Примерно через милю они тем же манером свернули на грунтовую дорогу.
– Теперь немного по этой дорожке, старик! – прокричал Бен. – Помнишь?
– Вроде бы. Миль двадцать?
– Ага, около того. Займет минут восемнадцать, если без особой спешки.
Джонатан сжал поручень и сказал, насколько мог, небрежно:
– Не вижу никакой причины для спешки, Бен.
– Да ты мое логово просто не узнаешь!
– Если доживу.
– Что?
– Ничего!
И они помчались дальше, подскакивая на всех ухабах. Бен рассказывал о некоторых
введенных им новшествах. Очевидно, “школа скалолазов” преобразилась в нечто вроде
курортного ранчо. Рассказывая, он смотрел на Джонатана и изредка бросал взгляд на дорогу
для корректировки курса, и то лишь, когда чувствовал, что их сносит на обочину. Джонатан
уже забыл “шоковый” стиль езды Бена. На отвесной стене, где не за что зацепиться, кроме
гнилой породы, он предпочел бы иметь рядом Бена, а не кого-либо другого, но вот за рулем...
– О-о-о! Держись!
Они внезапно выскочили на крутой поворот на слишком высокой скорости и вписаться
в него просто не могли. Машина перепрыгнула через обочину, и колеса со стороны
Джонатана увязли в мягком песке. Нескончаемое мгновение они балансировали на этих
колесах, потом Бен круто взял вправо, снова вжав колеса в песок, и пошел юзом, ведя руль в
ту же сторону, куда заносило машину. Их завертело волчком и выбросило обратно на дорогу.
– Чертей мне в задницу, вечно я про этот поворот забываю!

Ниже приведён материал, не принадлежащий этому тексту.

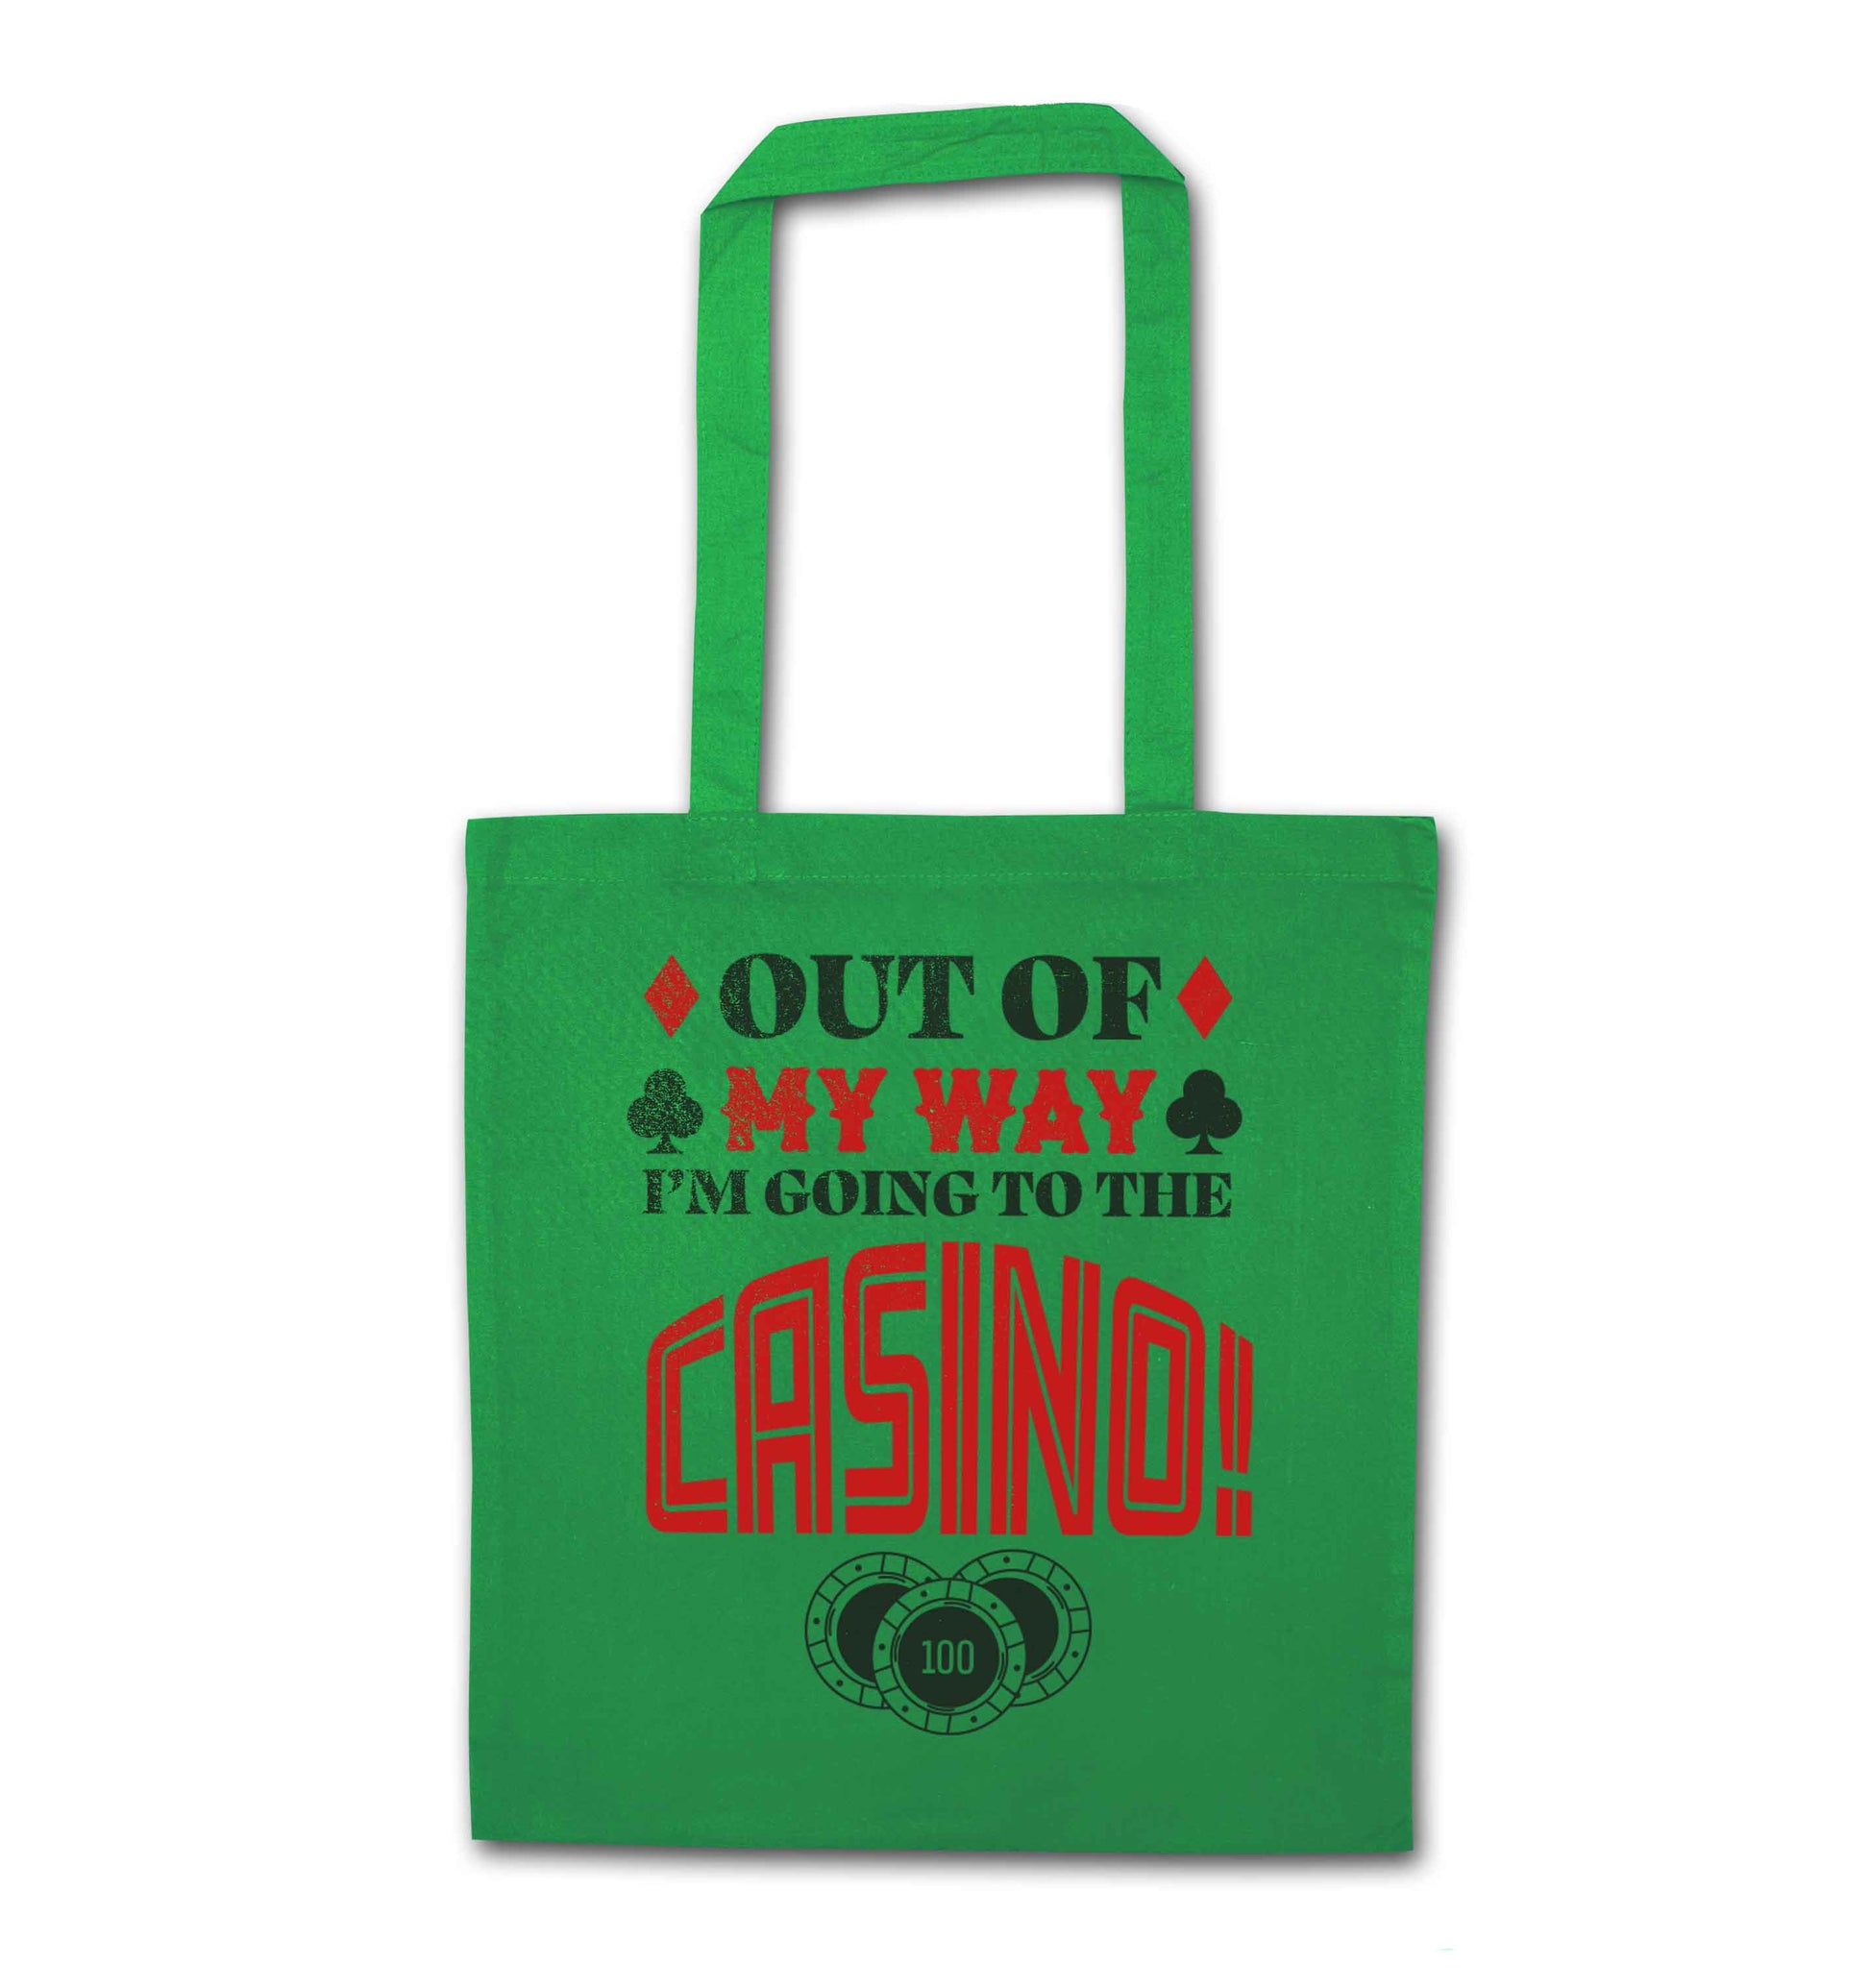 Out of my way I'm going to the casino green tote bag

– Бен, я, пожалуй, пешком прогуляюсь.
– Да ладно тебе.
Бен опять расхохотался, но некоторое время ехал помедленнее. Однако скорость
неизбежно нарастала, и вскоре костяшки пальцев Джонатана побелели – так крепко он
вцепился в поручень. Он решил, что ничего не выиграет, изнуряя себя попытками управлять
автомобилем с помощью внушения, поэтому он покорно расслабился и выкинул из головы
все мысли.
Биг-Бен усмехнулся.
– Что такое? – спросил Джонатан.
– Вспомнил Аконкагуа. Помнишь, как я с этой старой сукой разобрался?
– Помню.
Они познакомились в Альпах. Из-за громадной разницы в темпераменте казалось, что
хорошей связки из них никогда не выйдет. Ни один из них не испытал особой радости, когда
судьба свела их вместе – оказалось, что старые партнеры каждого из них по разным
причинам больше не могли участвовать в восхождениях, о которых им обоим так мечталось.
Решение идти в одной связке они приняли с большими опасениями и на первых порах
общались друг с другом с той вежливостью, которая служит заменителем дружбы.

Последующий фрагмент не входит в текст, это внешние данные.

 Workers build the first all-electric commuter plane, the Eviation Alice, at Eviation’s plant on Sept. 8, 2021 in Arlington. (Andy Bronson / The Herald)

Постепенно и неохотно они обнаружили, что их полярно противоположные альпинистские
таланты в совокупности своей сделали из них очень классную связку. Джонатан относился к
каждой горе, как к математической задаче, и, выбирая маршруты, тщательно прикидывал, как
соотносятся снаряжение и запасы с наличными резервами времени и сил. Биг-Бен же
попросту топтал гору и силой покорял ее, полагаясь только на свою необычайную
физическую мощь и железную волю. Падкие на шуточки собратья-альпинисты прозвали их
Рапирой с Дубинкой. Прозвища эти приглянулись журналистам, поставлявшим статьи об их
достижениях в журналы для любителей горного спорта. Джонатан был особенно хорош в
работе на голых скалах, где точнейший расчет рычагов и точек опоры вполне отвечал его
интеллектуальному стилю. Очередь Биг-Бена наступала тогда, когда они выходили на снег и
лед, где он, сопя, как бык, грудью прокладывал путь к вершине сквозь снежники.

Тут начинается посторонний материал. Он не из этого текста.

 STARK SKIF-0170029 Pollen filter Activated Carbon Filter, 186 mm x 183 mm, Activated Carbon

И на стоянках их полное несходство прекрасно сглаживало то естественное
межличностное напряжение, которое возникало в этих узких и подчас опасных местах. Бен
был старше на десять лет, словоохотливый, шумно реагирующий на шутки. Их
психологические типы и системы ценностей расходились настолько, что между ними никогда
не возникало конкуренции. Даже после победы, в высокогорных пансионатах, они отмечали
торжество по-разному, в разных компаниях, а ночью вознаграждали себя девочками
совершенно разного типа.
В течение шести лет они проводили альпинистские сезоны вместе, штурмуя вершины –
пик Уокера, Дрю, канадские Скалистые Горы. И их международной репутации нисколько не
вредило, что Джонатан изредка пописывал в разные альпинистские издания, с нарочитым
хладнокровием и сдержанностью описывая их собственные подвиги. Позднее для журналов
такого рода это стало стилистической нормой.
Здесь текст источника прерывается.